Chimps In Space #1-3, by Donna Almendrala. These three comics are Almendrala's way of exploring genre stories using the titular chimp characters, mixing extreme silliness with a genuine affection for each genre. The first issue is an outer space story where we eventually learn that the captain of the ship (who is narrating the story) is a complete idiot. It actually is less of a space adventure than a locked-door murder mystery whose resolution is also quite silly, especially when the captain tries to tack on a Star Trek-style moralistic message at the end. The second issue follows two of the crewmembers on a planet where they engage in Western-style hijinx; the beginning of the story is taken from an anthology story Almendrala did a while back. This issue was the most forgettable of the three, as it was really all over the place narratively and in terms of tone. I liked the third issue best, which featured the adventures of a dead crewman in the afterlife who is recruited to join Hermes, Ulysses, Hercules and Achilles to go on an adventure. He is reluctant to join this motley crew, which is why generates both narrative friction and humor. Almendrala really seems in her comfort zone with this comic, easily navigating fine details regarding mythology while reworking them for comedic purposes. There's an easily-detected Ernie Bushmiller influence in her figure drawing and use of spotting blacks, making each page a pleasure to read and giving each image a certain comedic charge. Even before she sets up a single gag, I found myself being amused by the figures themselves. I'd love to see her take on more mythological stories in a comedic tone because of the fluidity of that third issue.

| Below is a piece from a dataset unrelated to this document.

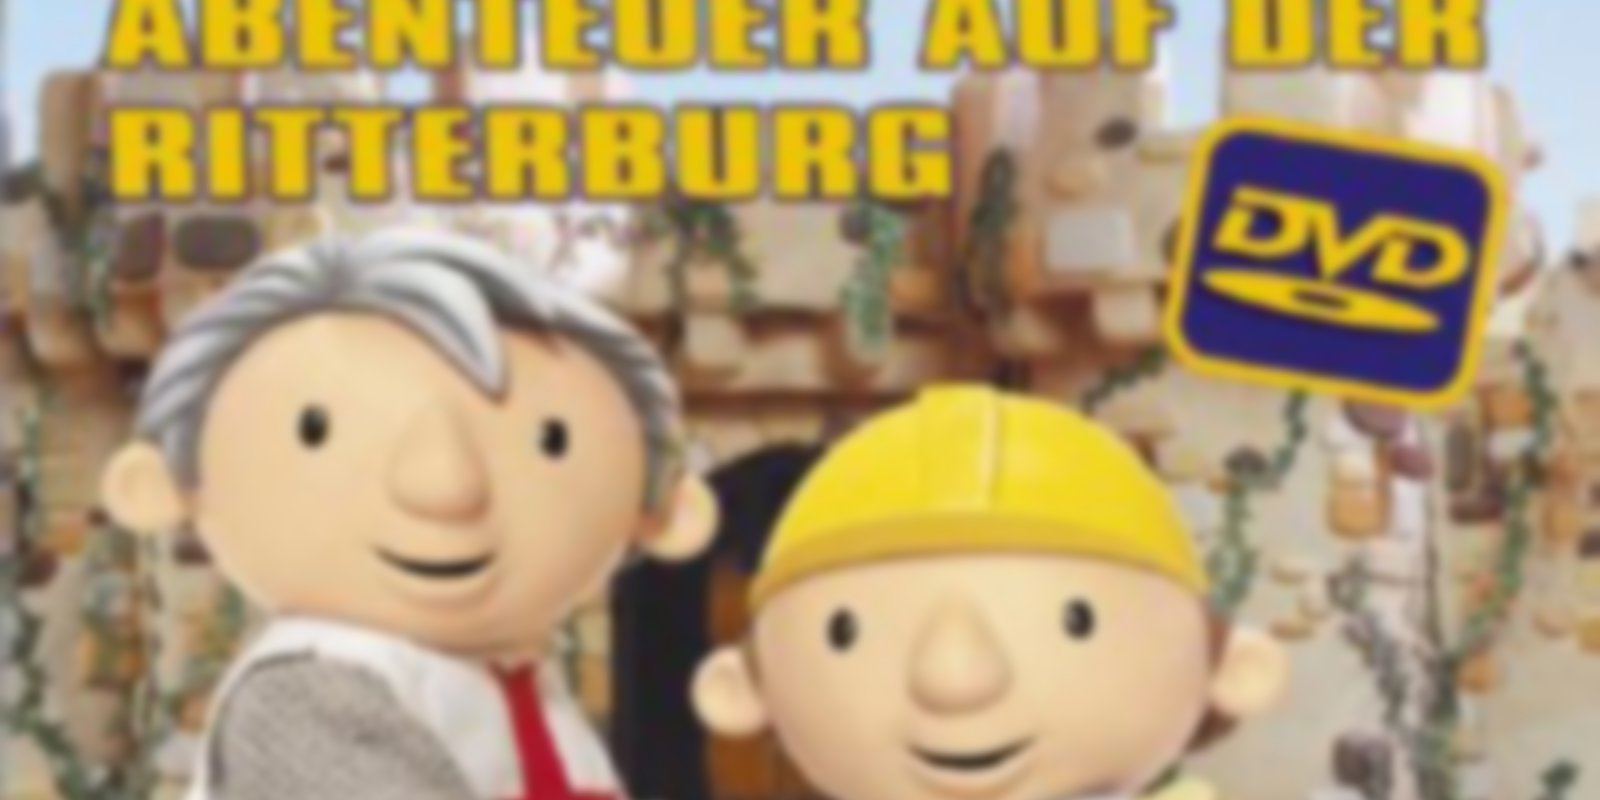 Bob der Baumeister - Abenteuer auf der Ritterburg

Rockall #1, by Amelia Onorato. This is the first issue of what is shaping up to be a fantasy/romance story set in an island off of Ireland. We meet Tommy Kagan, a young man who has purchased property on the island is rowed out there at the beginning of the story. He quickly discovers two things: like all small communities, the island is a place where your business is everyone's business; and there are two inhabitants in the house he has bought. One is a woman accused of being a "selkie", a seal who takes human form who can be captured by a human who happens to see her dance. She can only be freed if she finds her skin after her human master has stolen it. Onorato wisely plays coy as to whether the woman is actually a selkie, though she is indeed searching for something and is trapped on the island after her husband mysteriously died in a fishing accident. That's an event the islanders blamed on her ("calling up the sea"), sparking mutual distrust and loathing. This is obviously a groundwork-laying issue, but it's one that's well-structured and built in part on a patois that is at once distinctive but not confusing. One gets a real sense of time and place very quickly in this comic. Onorato's line is simple, cartoony and expressive. The comic did cry out for color, however; a light green wash or even some kind of blue-green duotone would have looked much better than the grey wash used on a number of pages. I'm quite curious to see how the story proceeds.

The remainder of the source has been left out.